Ernie Mills

Personal information
- Full name: Ernest Mills
- Born: 1904 Bigga, New South Wales, Australia
- Died: 1983 (aged 78–79)

Playing information
- Position: Wing
Club
| Years | Team | Pld | T | G | FG | P |
| 1927–35 | Huddersfield | 386 | 288 |  |  | 864 |
Representative
| Years | Team | Pld | T | G | FG | P |
| 1929–30 | Other Nationalities | 2 | 1 |  |  | 3 |

= Ernie Mills (rugby league) =

Australian rugby league player

Ernie "Bigga" Mills (1904–1983) was an Australian rugby league footballer who played professionally in England as a for Huddersfield before a severe injury ended his playing career at only age 31.

==Early life==

Mills was born in Bigga, New South Wales and after attending the local primary school went to high school in Goulburn before attending college in Sydney where he trained as a teacher. His rugby league career began with local teams in Bigga and Goulburn. After completing his college course, Mills took a teaching post in Grenfell, New South Wales where he played for the local rugby team.

==Professional rugby career==
At various times during the early decades of the 20th century there was a ban on British rugby league teams signing players from outside the United Kingdom. The most recent ban dated from 1923 and existed because of fears from the Australian league authorities that the best players would be attracted to play in Britain rather than stay at home and develop the game at home. By 1927 the British clubs wanted the ban lifting and in June 1927 the ban was lifted. The Grenfell team were at this time coached by Huddersfield player, Ben Gronow. Gronow recommended Mills to Huddersfield and with days of the transfer ban being lifted Mills had signed a contract with Huddersfield and arrived in England in time for the start of the 1927–28 season.

Mills scored his first try for Huddersfield on his debut, scoring the only points of the game, a 3–0 victory over Castleford on 27 August 1927.

For the 1927–28 season and the following five seasons Mills was to be Huddersfield's top try scorer and for two seasons, 1928–29 and 1931–32 he was the league's top try scorer.

Mills played and won in two Championship finals, 1928–29 (2–0 vs Leeds), and 1929–30 (10–0 in a replay against Leeds after a 2–2 draw). Huddersfield won the Yorkshire League in the same two seasons.

In 1931 Mills won a Yorkshire Cup winners medal as Huddersfield beat Hunslet 4–2 in the 1931–32 Yorkshire Cup final at Headingley.

The quartet of winning all four different cups was completed in 1933 as Mills was a member of the team that triumphed in the 1932–33 Challenge Cup final and he scored a try as Huddersfield beat Warrington 21–17 at Wembley on 6 May 1933.

During the 1934–35 season Mills requested a transfer from Huddersfield and was placed on the transfer list with a fee of £600, but before any transfer was agreed Mills was injured playing against Bradford Northern in April 1935. Mills did not play for the rest of the season and despite surgery, the injury was so severe that Mills was advised to retire from playing at the end of 1935.

In total Mills made 386 appearances for Huddersfield, scoring 288 tries, and in a sport where injuries were common played 123 consecutive games between 28 December 1929 and 5 September 1932.

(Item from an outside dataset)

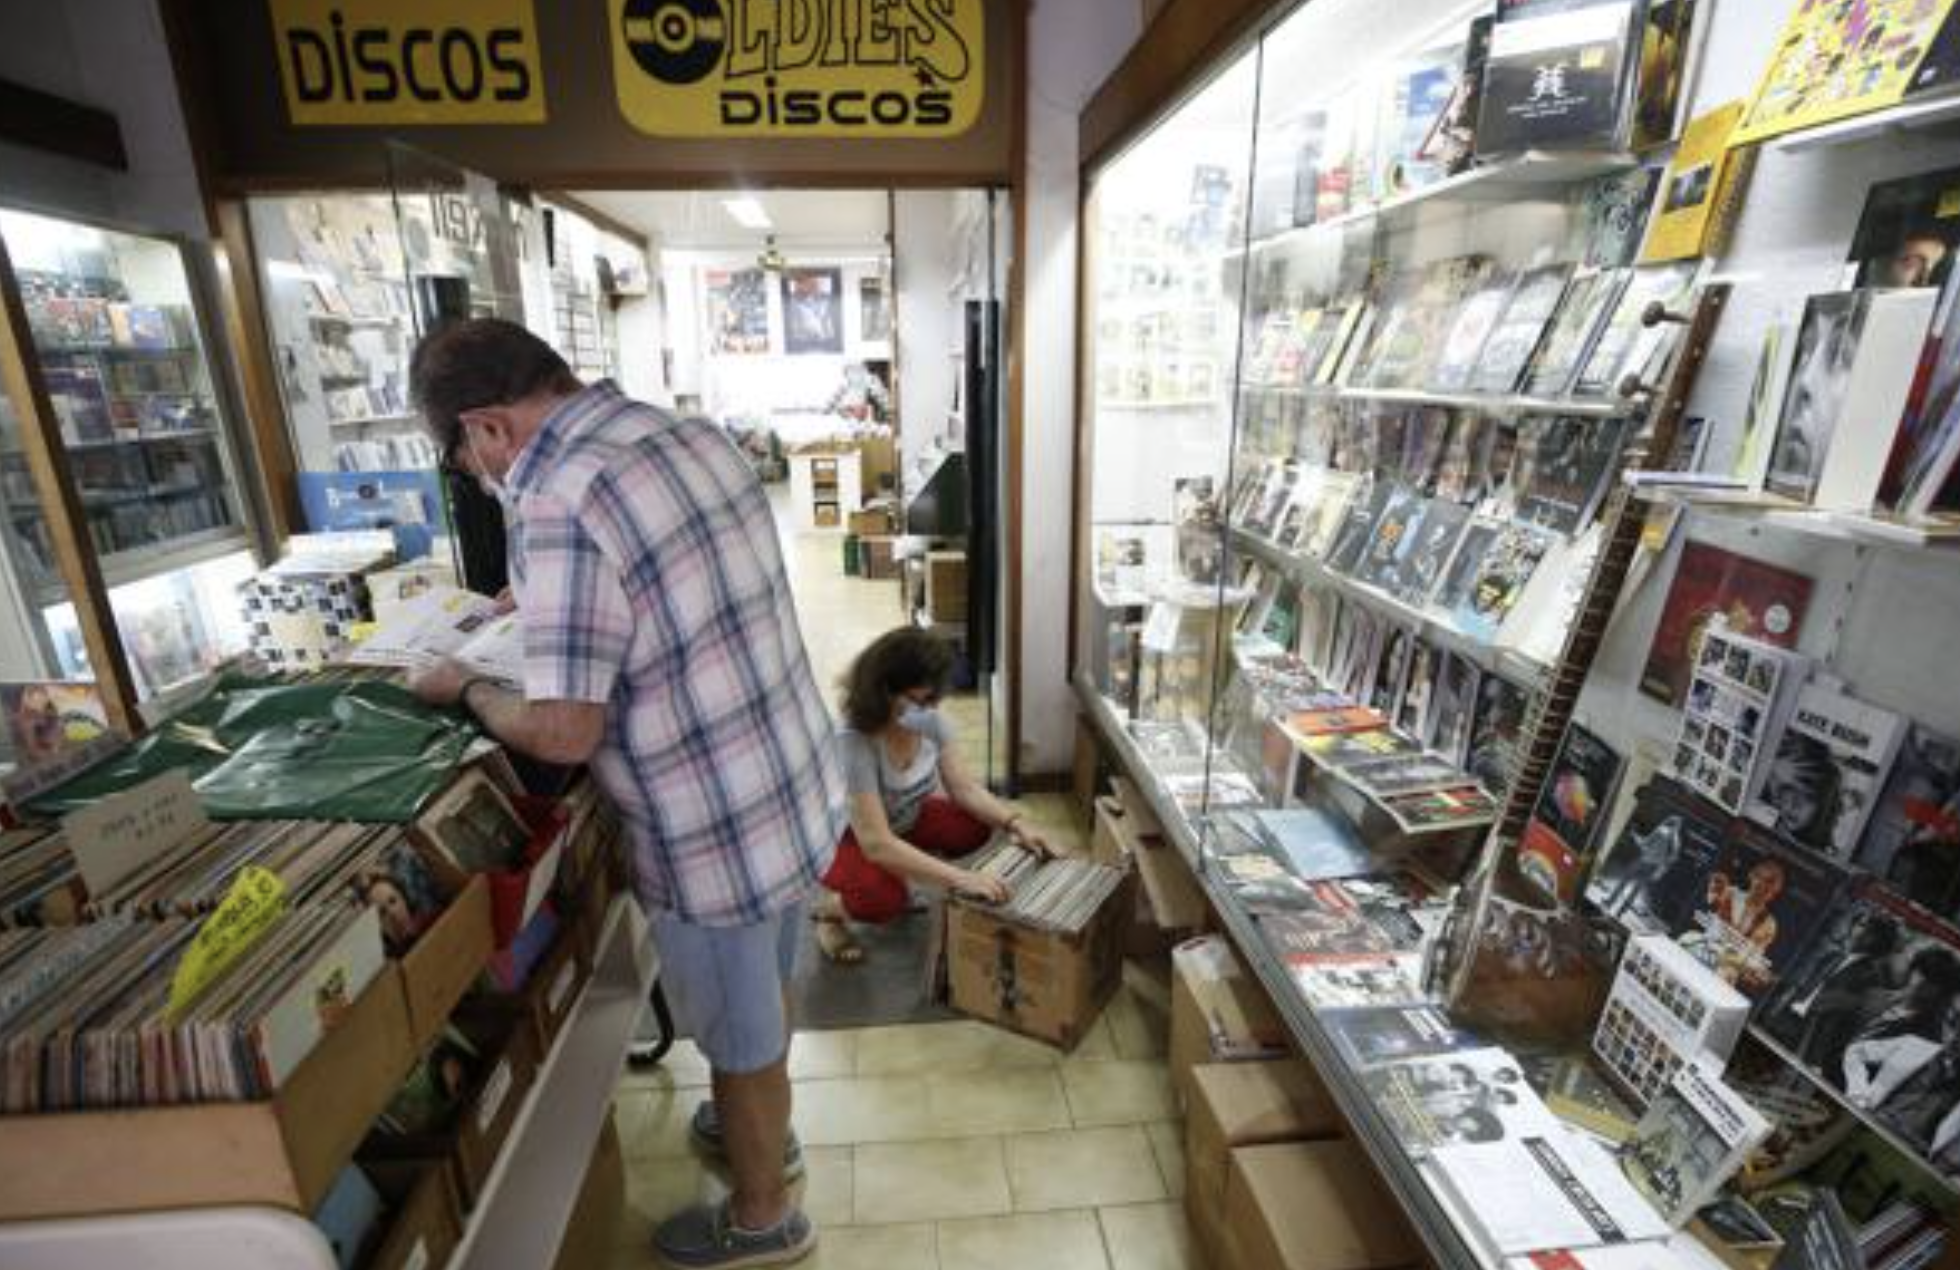 La tienda de discos más antigua de España se traspasa por la jubilación de sus propietarios. Foto: Twitter
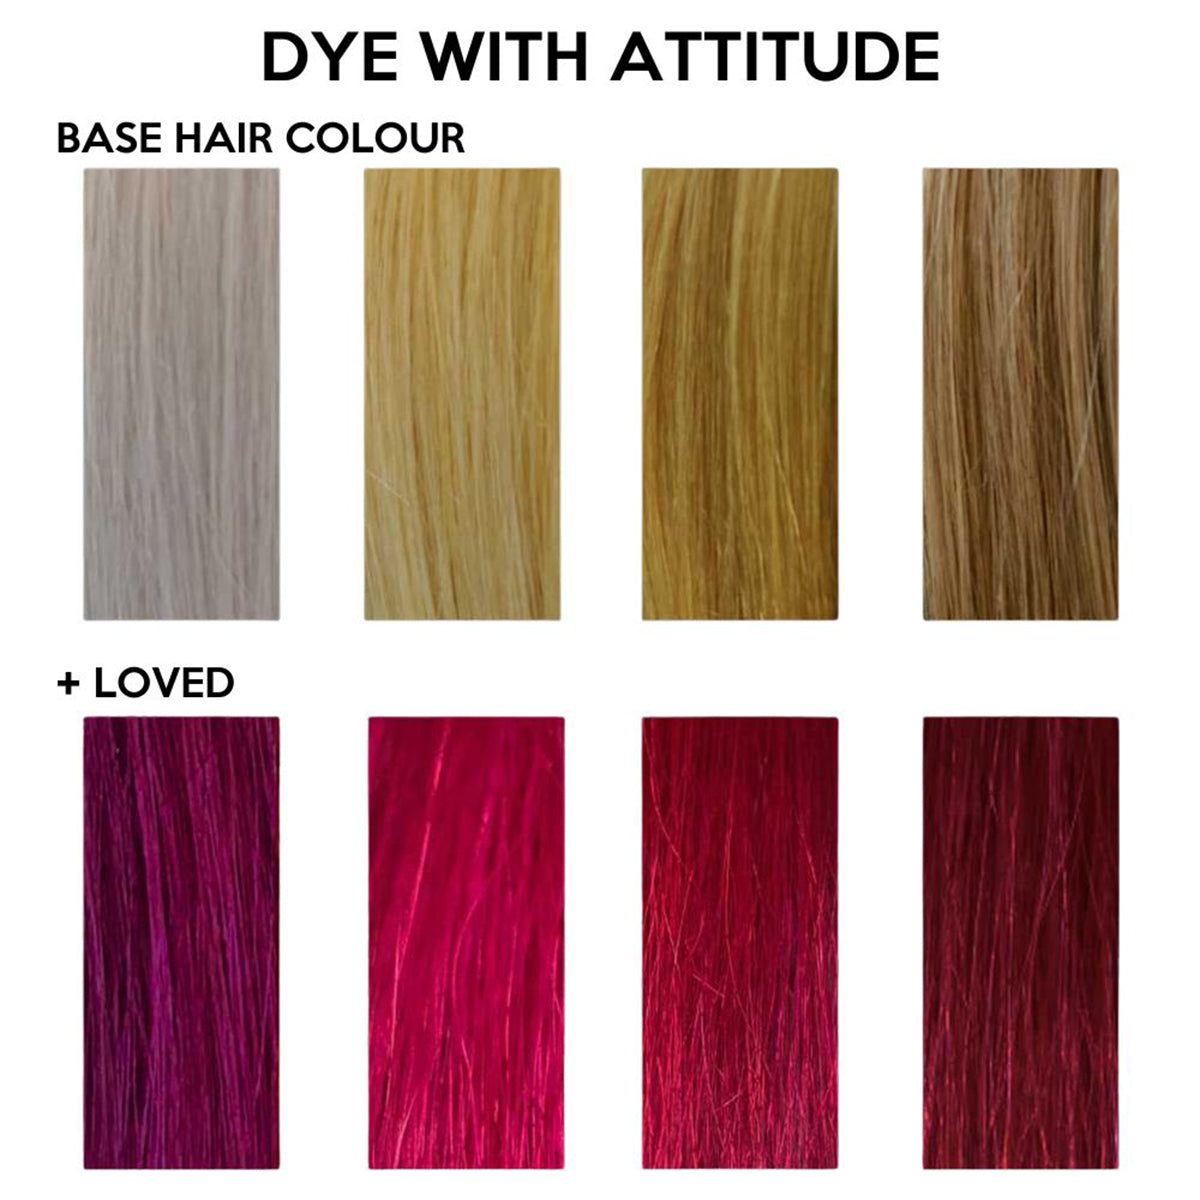 LOVED PINK - Farba do włosów Attitude - 135ml

Mills was never considered for selection for the Australian national team and the only representative honours he achieved were to play twice for the Other Nationalities against England in 1929 and 1930, his only international try being scored in the 1930 game.

==Teaching career==
Mills held several teaching posts in England both while playing rugby and after his retirement from the game. During the Great Depression of the early 1930s, he was in charge of the youth section of a training centre for unemployed young people in Huddersfield.

==Personal life==
Mills was married three times. The first marriage was to Edna Naylor in July 1926 in Sydney. In 1931, she petitioned for divorce on the basis of Mills's desertion of her by his move to England to play rugby. They had one child. In August 1932 Mills married Marie Johnson in England. By 1951 Mills and Johnson has divorced and Mills married for a third time to Vera Shaw in Lancaster, Lancashire, England. Mills and Shaw and his children by Johnson and Shaw returned to Australia in 1953. He continued to teach until retirement and died in 1983.